Haroula Rose sings like she’s telling a secret, a style the Los Angeles-based singer-songwriter can perhaps owe to the many years she spent shyly composing and playing her haunting melodies alone in her native Chicago. With Catch the Light (June 17), her third album and first to co-produce, Rose has deepened and complicated her dreamy, tender repertoire. “Time’s Fool,” the album’s first single, is out now, featuring Molly Parden on harmonies and callbacks, Omar Velasco on the second guitar, and the inimitable Greg Leisz on pedal steel.

The nine songs on Catch the Light are songs full of loving and longing, evocative confessions that document the shadow of sorrow that roots beneath every joy. The title song, written in an inspired twenty-minute rush, is a study in “how we’re all enraptured by darkness and light,” and how contrasts give our lives meaning. The title is also a cinematographic reference to Rose’s work as a filmmaker. Since her last album, she’s released her debut feature as a writer and director, the highly acclaimed “Once Upon a River,” which was celebrated as one of 2020’s most anticipated films by TIME and Filmmaker magazines, winning 19 awards at 40 festivals worldwide. The “Once Upon a River” soundtrack was a collaboration between Rose and acclaimed artists such as Rodney Crowell, Will Oldham, JD Souther, and Peter Bradley Adams, with a score by Zac Rae.

“Catch the Light has to do with various pieces of my life coming together in a very personal, naked way,” Rose says. “I wanted to make a record that was sparse — just guitars, pianos and vocals, basically. I consider this album as a reflection of going inward, and sharing parts of my life in that way. The metaphor for the title, Catch the Light, has both to do with cinema — as well as seeing the light inside of us that illuminates in darkness.”

The seven originals and two covers on Catch the Light feature a wide cast of musicians who helped create the sweeping, spacious arrangements with minimal elements. These collaborations, especially in the era of social distance, were especially critical to the album’s intimate appeal. Ben Davis and Will Graefe contributed vocals and guitar on two songs they co-wrote with Rose —“Happenstance,” and “The Nature of Things.” Joachim Cooder plays percussion and cajón on "Luchín"; Greg Liesz plays pedal steel and Omar Valasco plays guitar on two songs each. Molly Parden’s harmonized and sang callbacks on “Time’s Fool.”

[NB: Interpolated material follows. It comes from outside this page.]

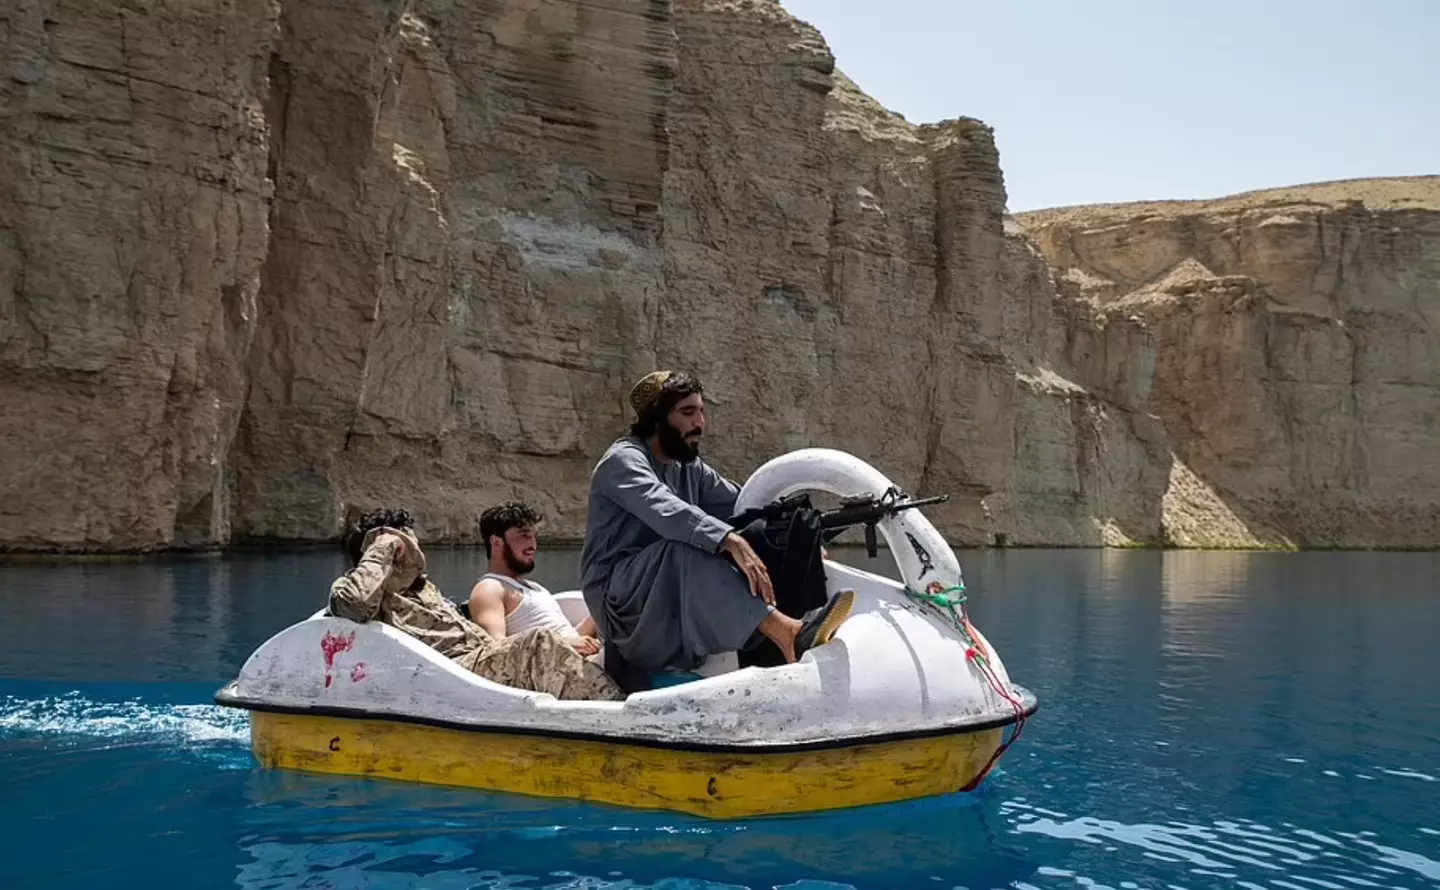 Many of the Taliban soldiers Took their guns on the boats.

Rose’s fans will likely recognize the imprint of June Tabor, Joni Mitchell, Judee Sill, and Bonnie “Prince” Billy, but the lesser-known but hugely influential Víctor Jara, the Chilean artist and activist who was assassinated in 1973, was an important guide in this highly internal, novelistic album. Rose covered Jara’s song "Luchín," about a child living in a cruel world who finds solace in his inner life, after finding its themes to resonate with the political and social upheavals of 2020. The other cover on the album, Chris Stapleton’s country-rock hit “You Should Probably Leave” is sung as a piano ballad showcasing what Rose does best — finding new layers of poignancy in familiar places.

“I found that because we went inward so much these last two years, that the introspection really shone a light on things we have yet to fully process and discover about ourselves collectively as well as individually,” Rose says. “And I think it’s been valuable, if painful, for me to see so much heartbreak and so many things falling apart whilst others came together or got stronger.”